## Recorded data

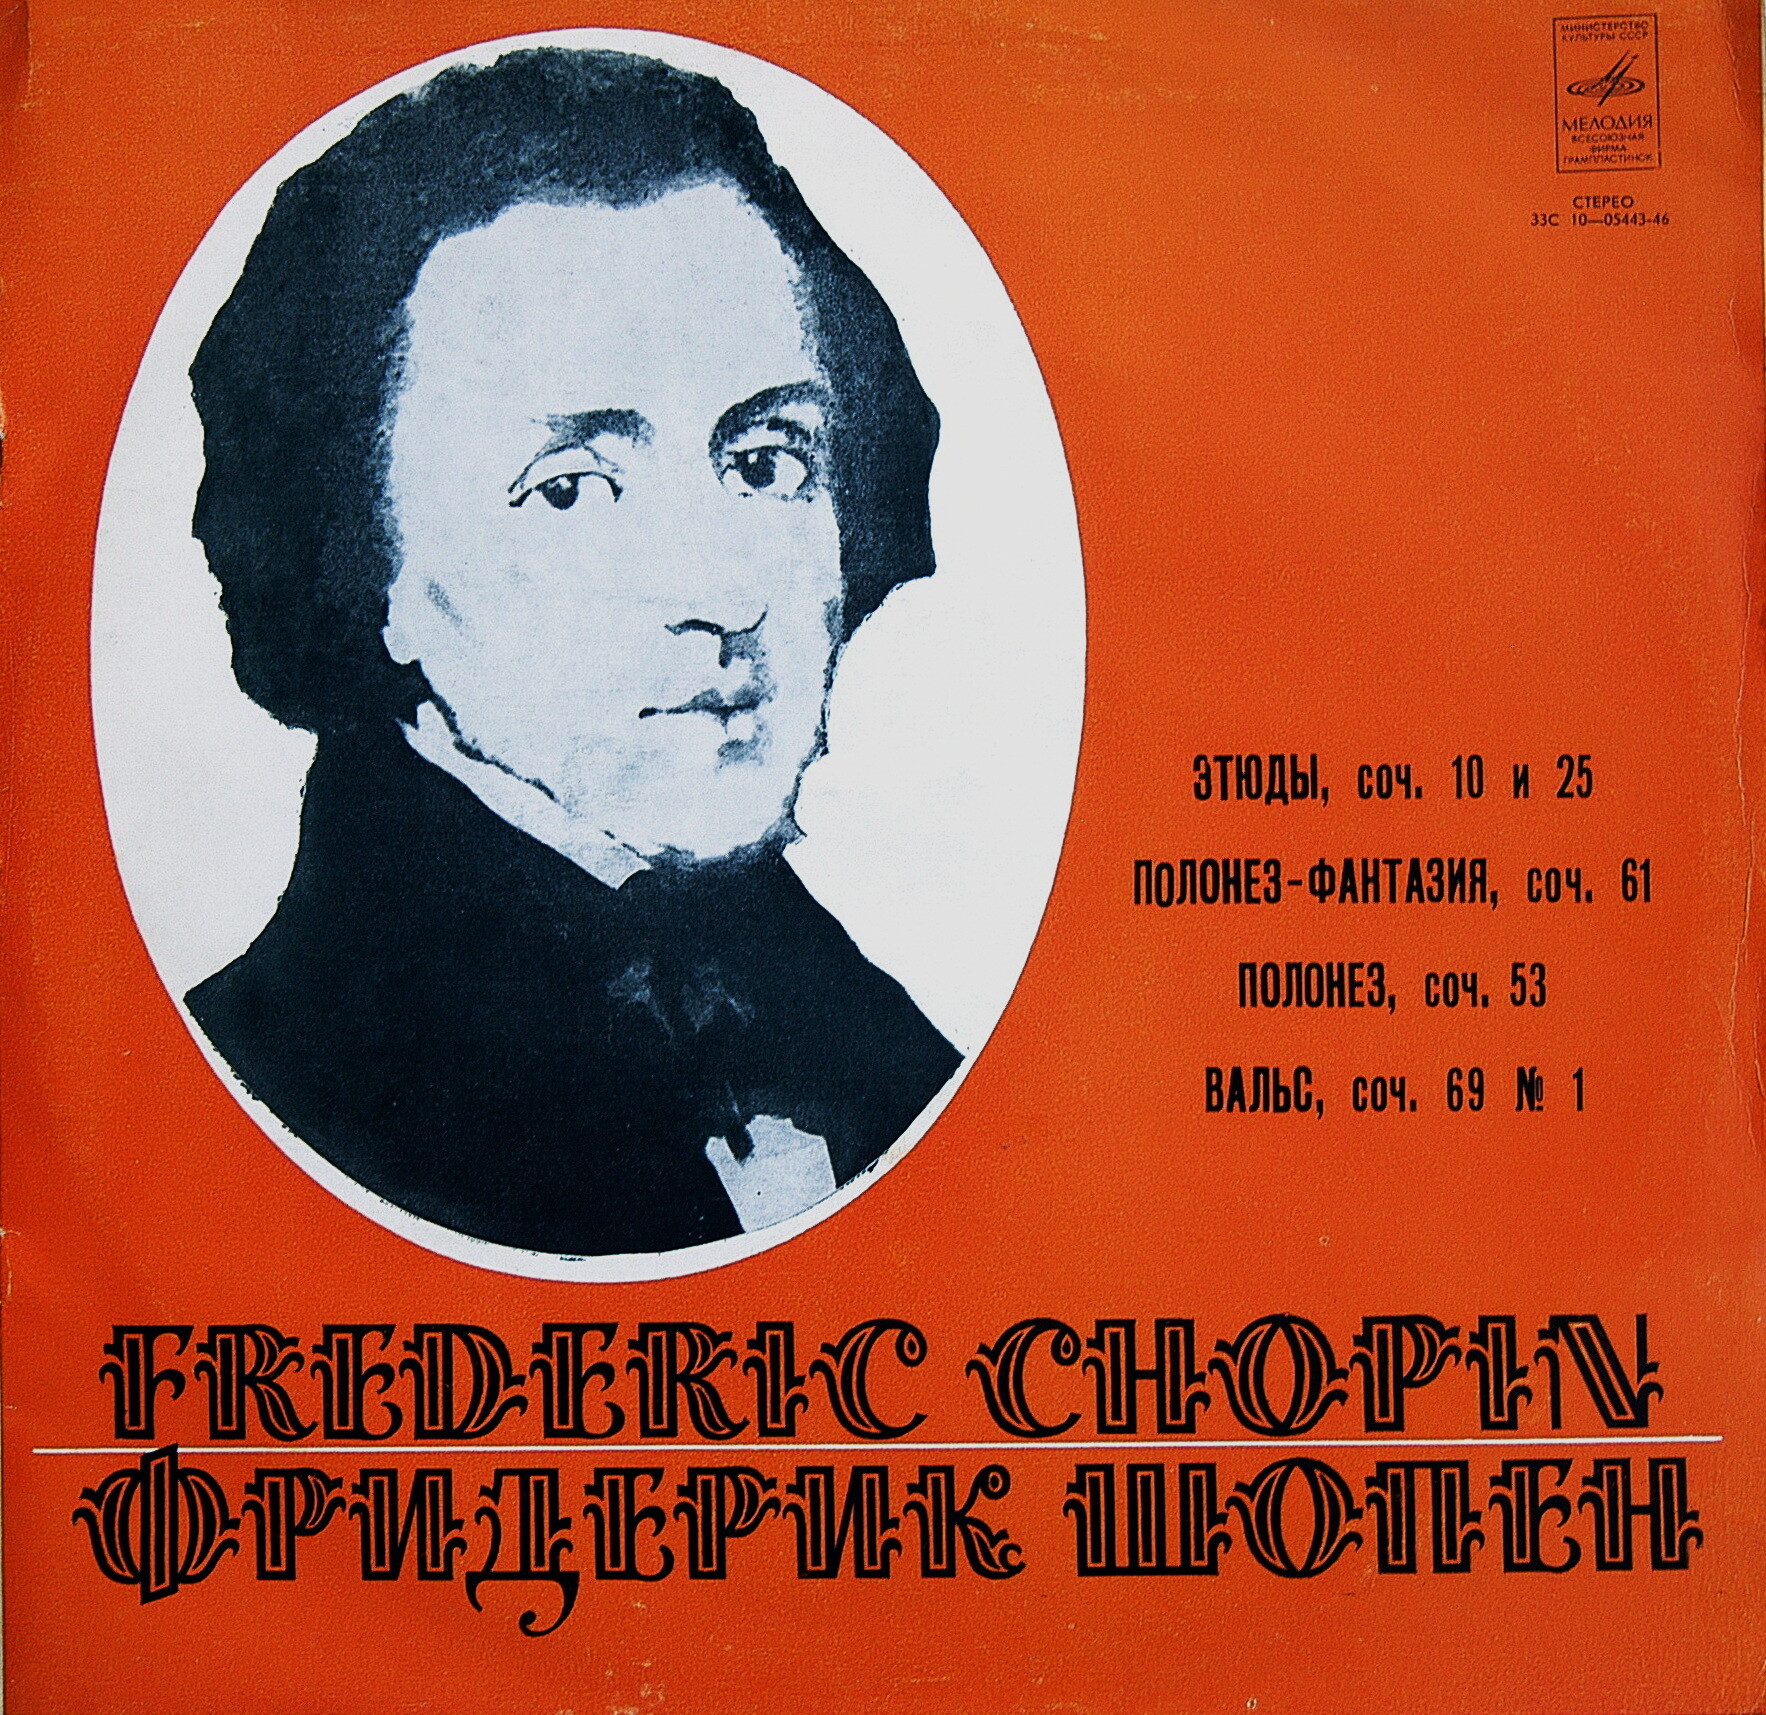 Ф. Шопен (1810 - 1849). Играет Элисо Вирсаладзе
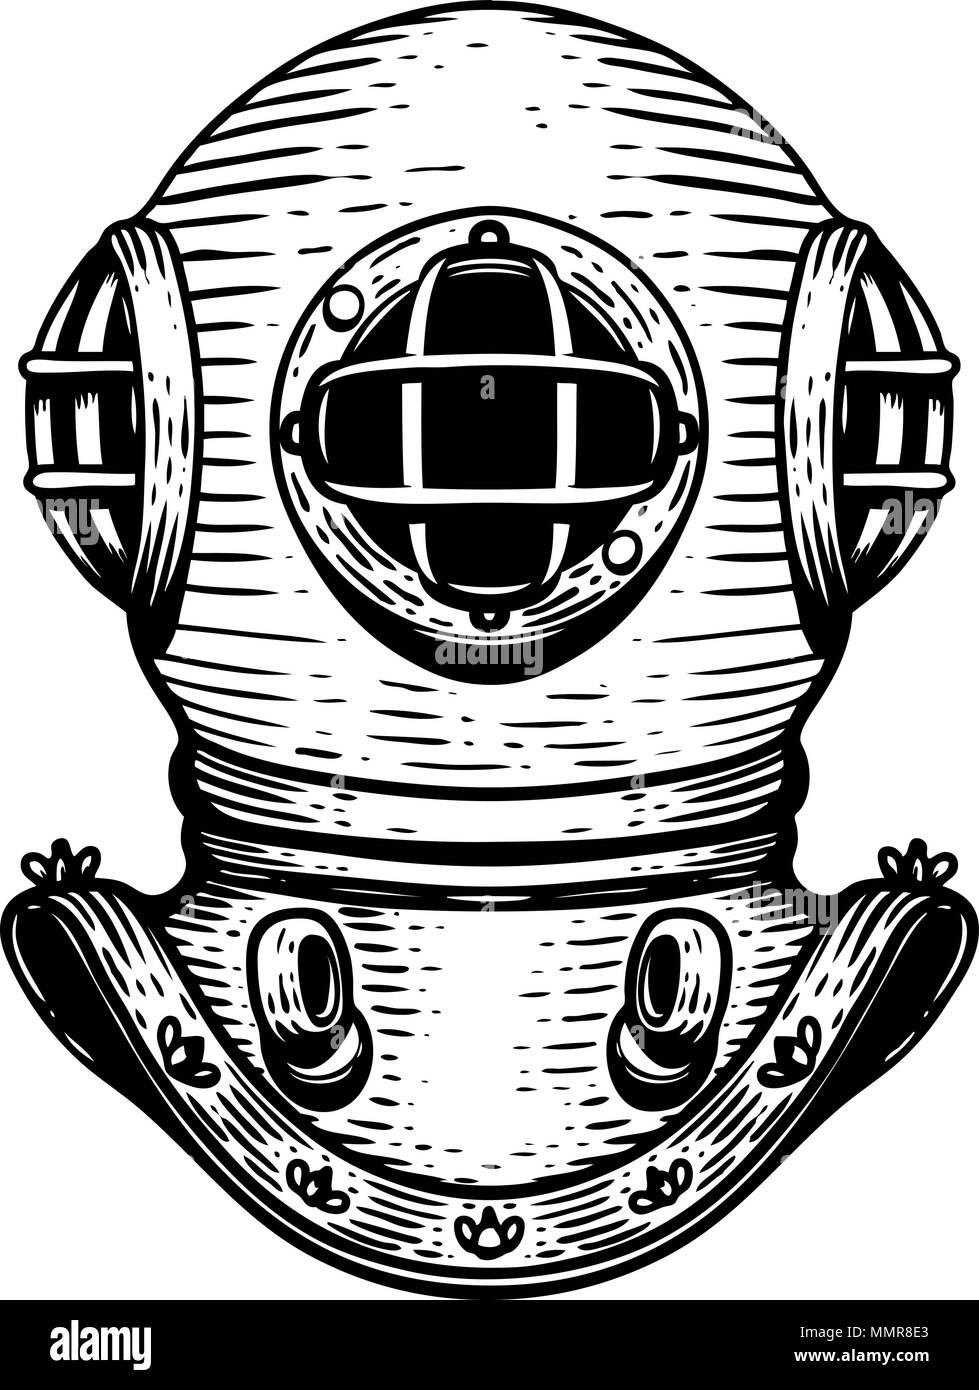 Hand Retro Stil diver Helm Bild auf weißem Hintergrund dargestellt. Designelemente für Logo, Label, Emblem, Zeichen, Abzeichen. Vektorbild Stock Vektor
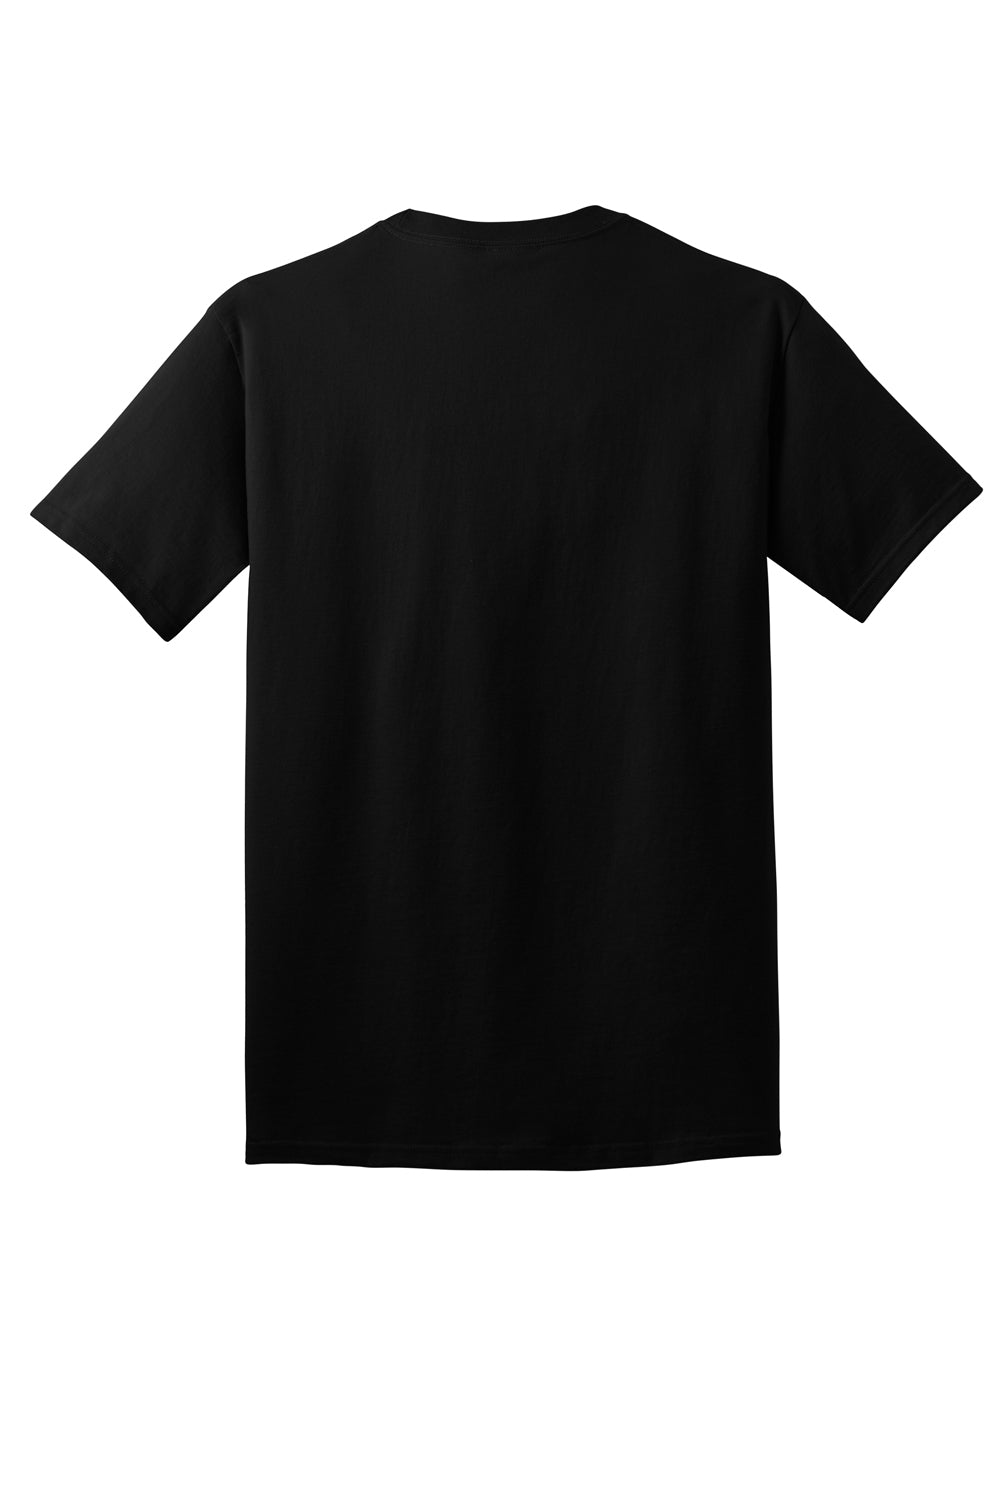 Port & Company PC54DTG Core Cotton DTG Short Sleeve Crewneck T-Shirt Jet Black Flat Back
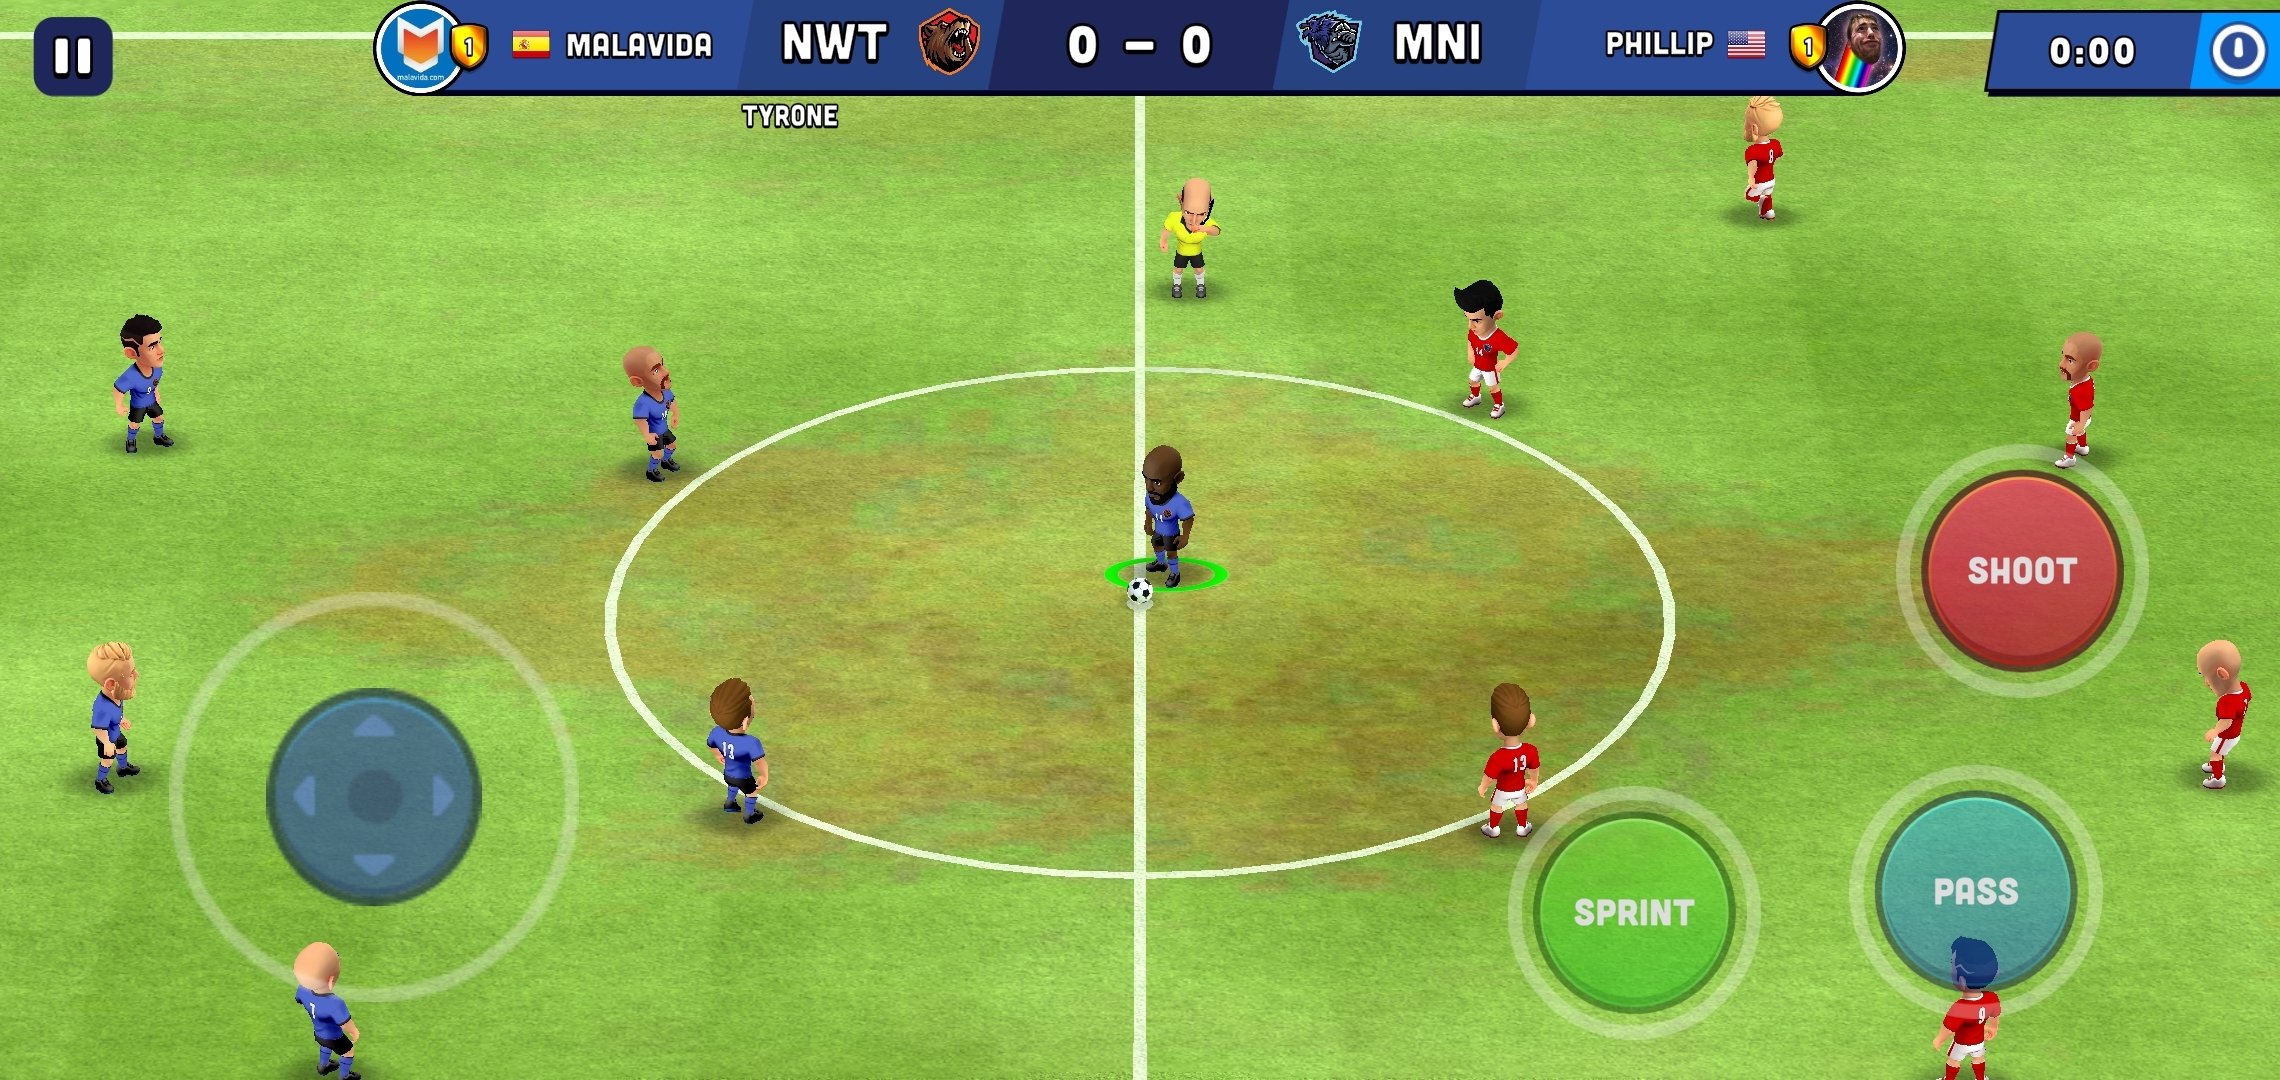 Baixe Mini Football no PC com MEmu

## Task instructions
Pictures do not belong in the copy. Repeat exactly each line from the one with "Port & Company" through the end of the listing.

## Task response
 Port & Company PC54DTG Core Cotton DTG Short Sleeve Crewneck T-Shirt Jet Black Flat Back
 Baixe Mini Football no PC com MEmu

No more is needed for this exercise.